But the issues surrounding PTSD that needed to be addressed called for dedicated commitment, time, and the help of a professional — things he didn’t say he was opposed to. Still, he never made the choices to show he was ready.

The guilt, sadness, and feeling of defeat were all encompassing. For two months I barely left my apartment. I felt like I failed him.

It was a long time before I could accept it wasn’t my job to make someone seek help who wasn’t ready for it, and that it was OK for me to put myself first.

“We can’t make anyone take the help. Let go of guilt. You might feel sadness and grief over the loss of the relationship, but as much as possible, set aside guilt. It is going to be an unhelpful emotion in this situation,” Wen says.

“Say ‘I love you.’ Say ‘I would love for this to work and for you to get help because it affects me, you, and the relationship, but this is how far I’m able to go,’” she recommends.
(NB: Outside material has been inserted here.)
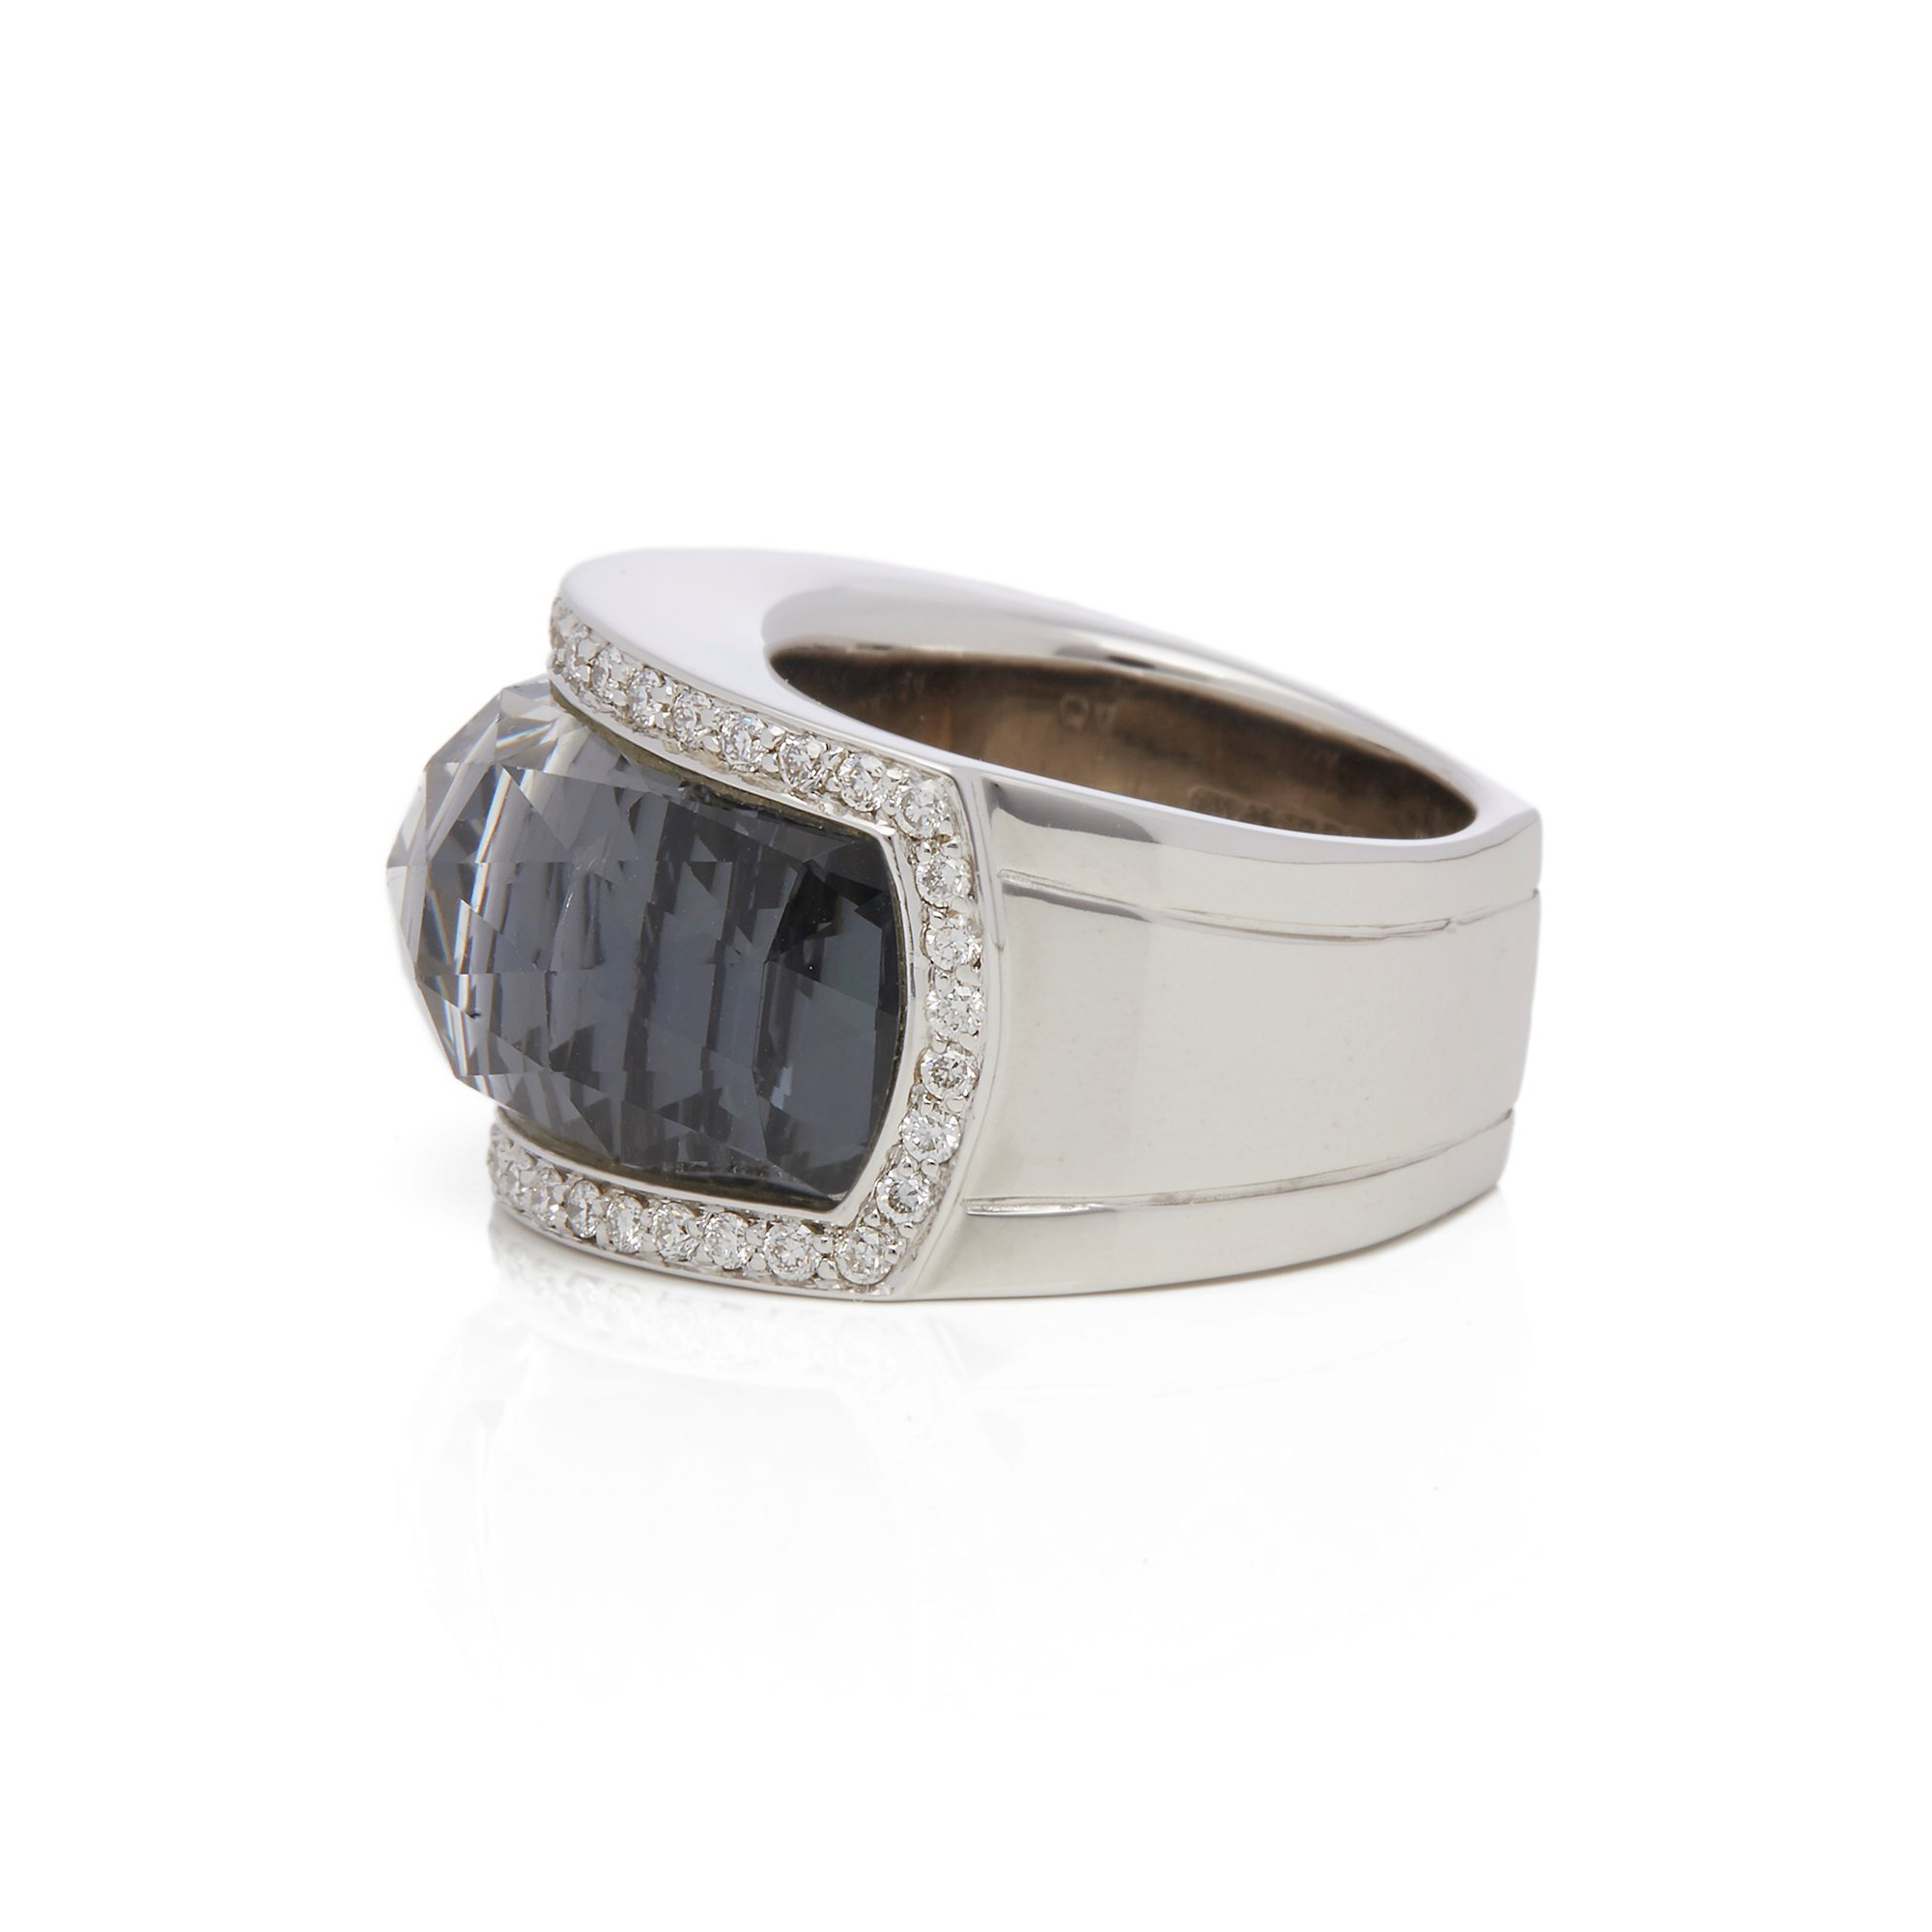 Stephen Webster 18k White Gold Hematite & Diamond Jelly Bean Ring

As for me, I’m now spending time on healing myself and indulging in the fulfilling work and carefree fun that often made me feel guilty in the past.


Meagan Drillinger is a travel and wellness writer. Her focus is on making the most out of experiential travel while maintaining a healthy lifestyle. Her writing has appeared in Thrillist, Men’s Health, Travel Weekly, and Time Out New York, among others. Visit her blog or Instagram.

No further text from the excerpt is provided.